• **Directions for this task**
After finding the line that holds "Kore Quartz residential warranty" below, set down that line and the rest through the final one exactly, leaving the pictures out.

• **Given data**
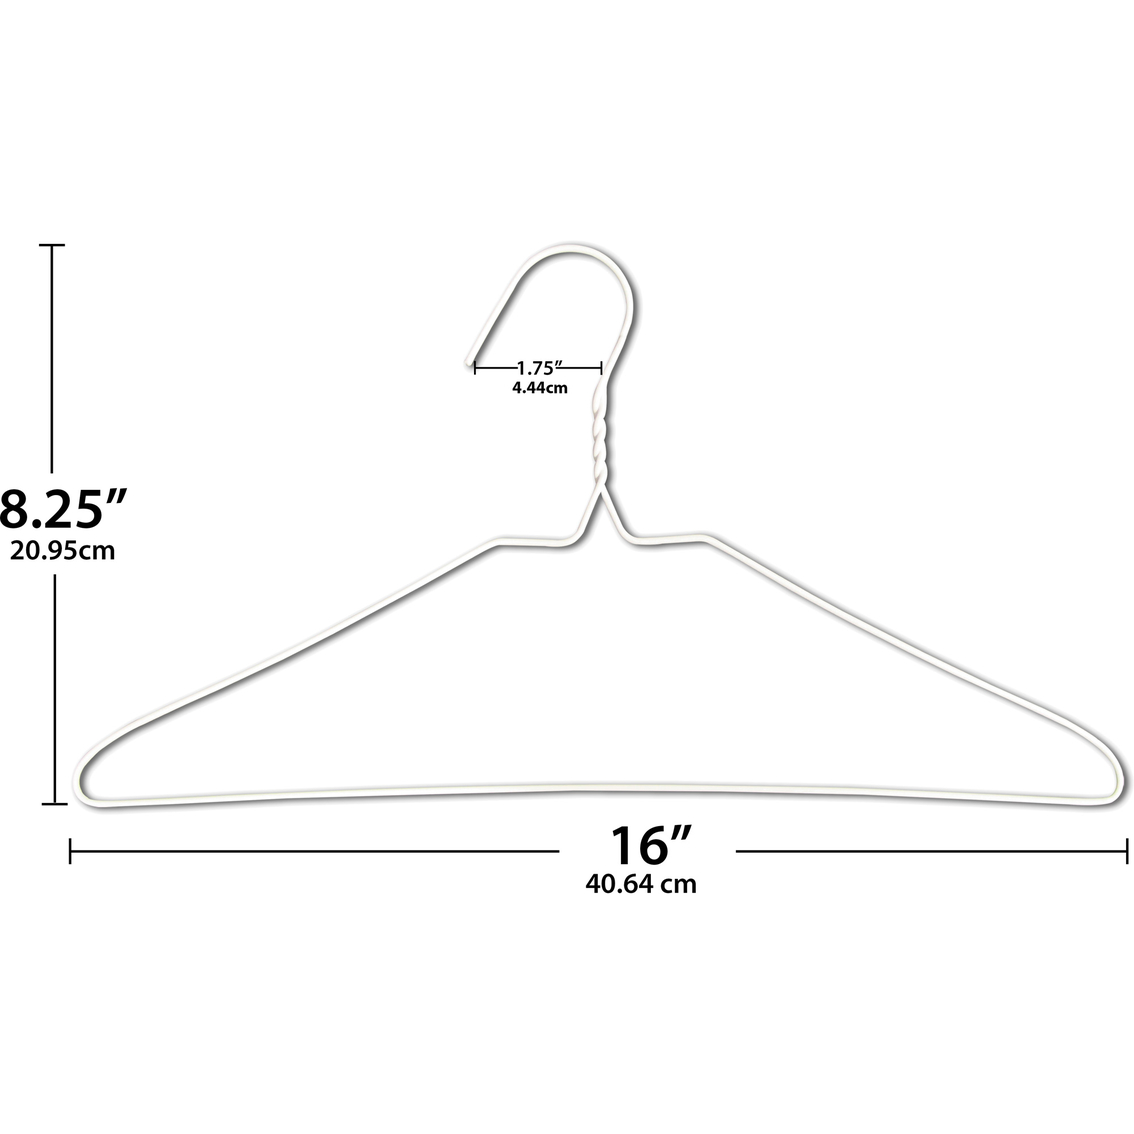 Merrick Drip Dry Hangers 10 Pk. - Image 3 of 3
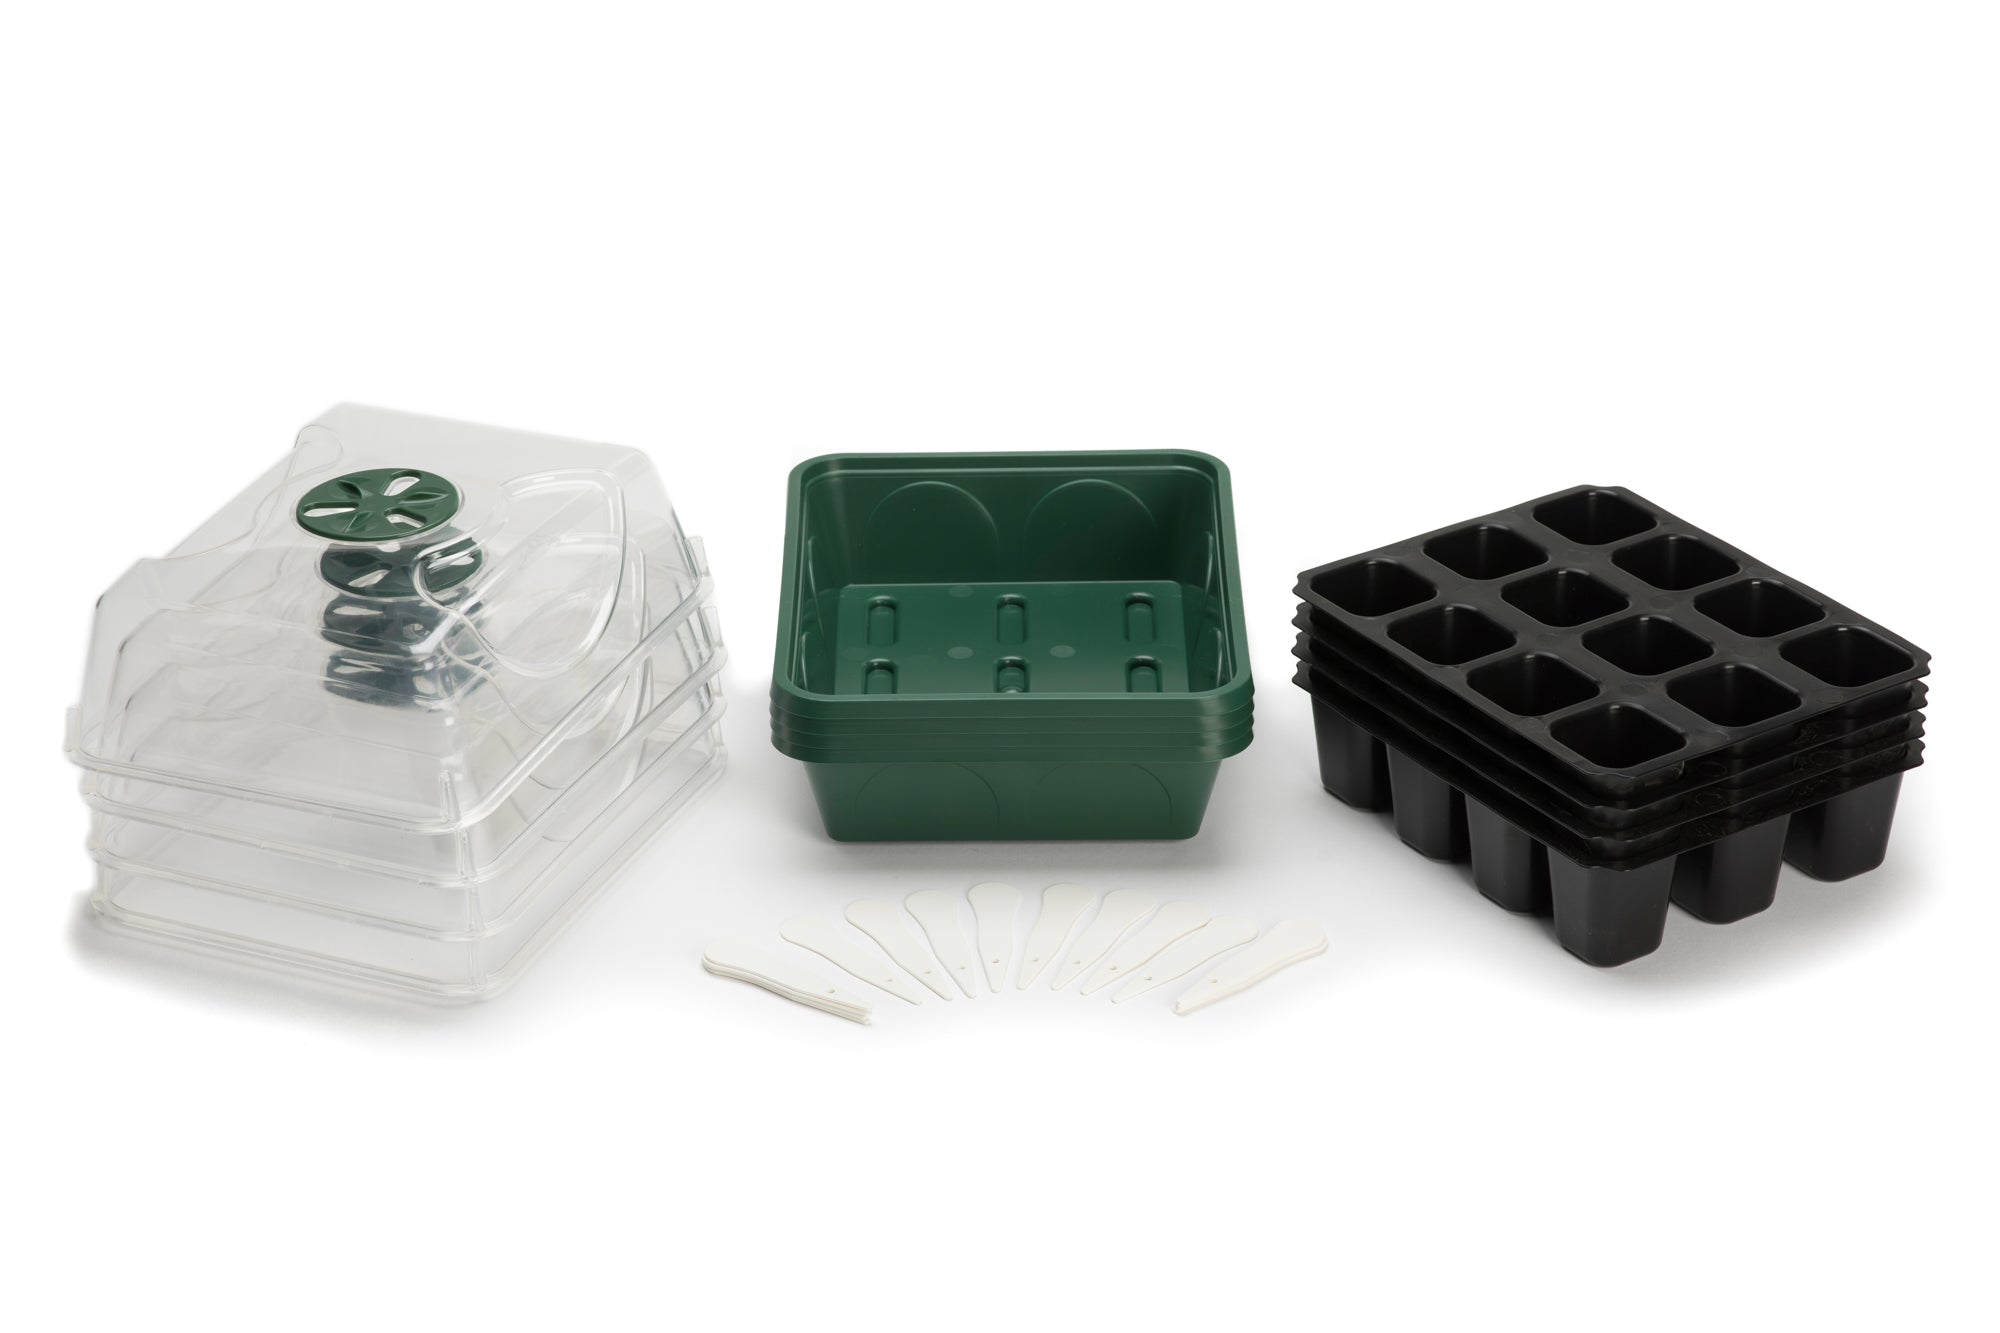 Small Propagator Seedling Tray Germination Starter Kit
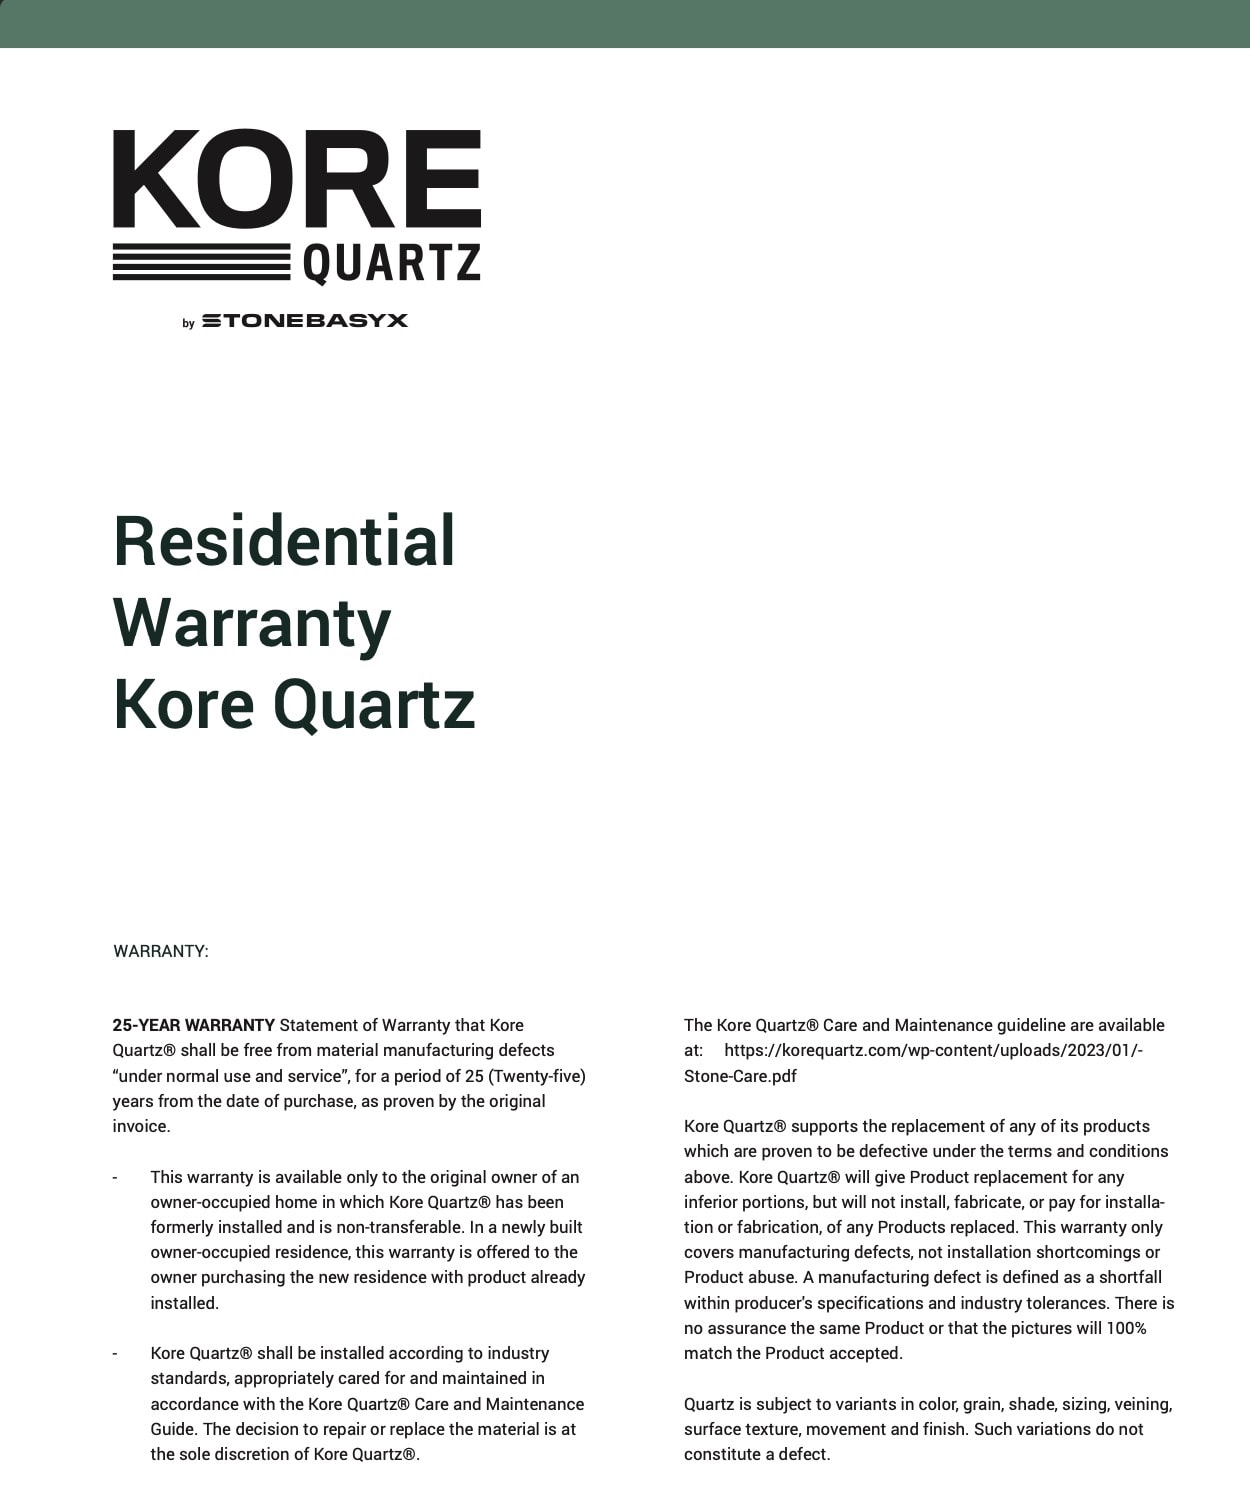 Kore Quartz residential warranty
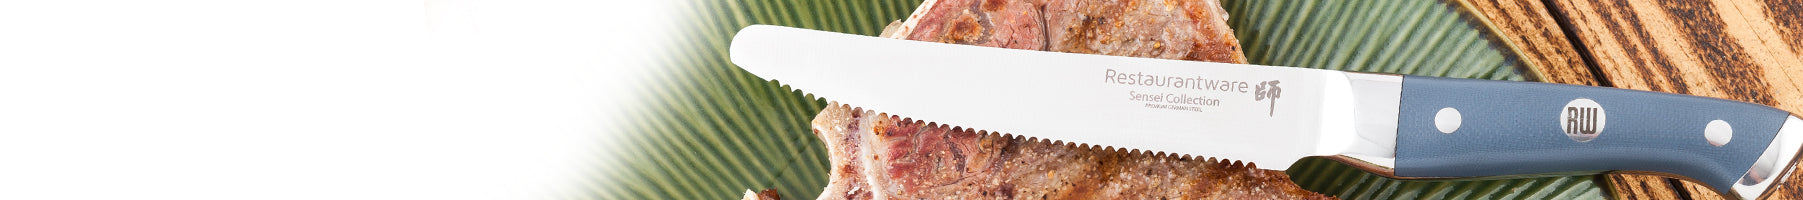 Banner_Smallwares_Kitchen-Knives-Cutlery_Steak-Knive_244s

• **Exercise result**
 Kore Quartz residential warranty
 Banner_Smallwares_Kitchen-Knives-Cutlery_Steak-Knive_244s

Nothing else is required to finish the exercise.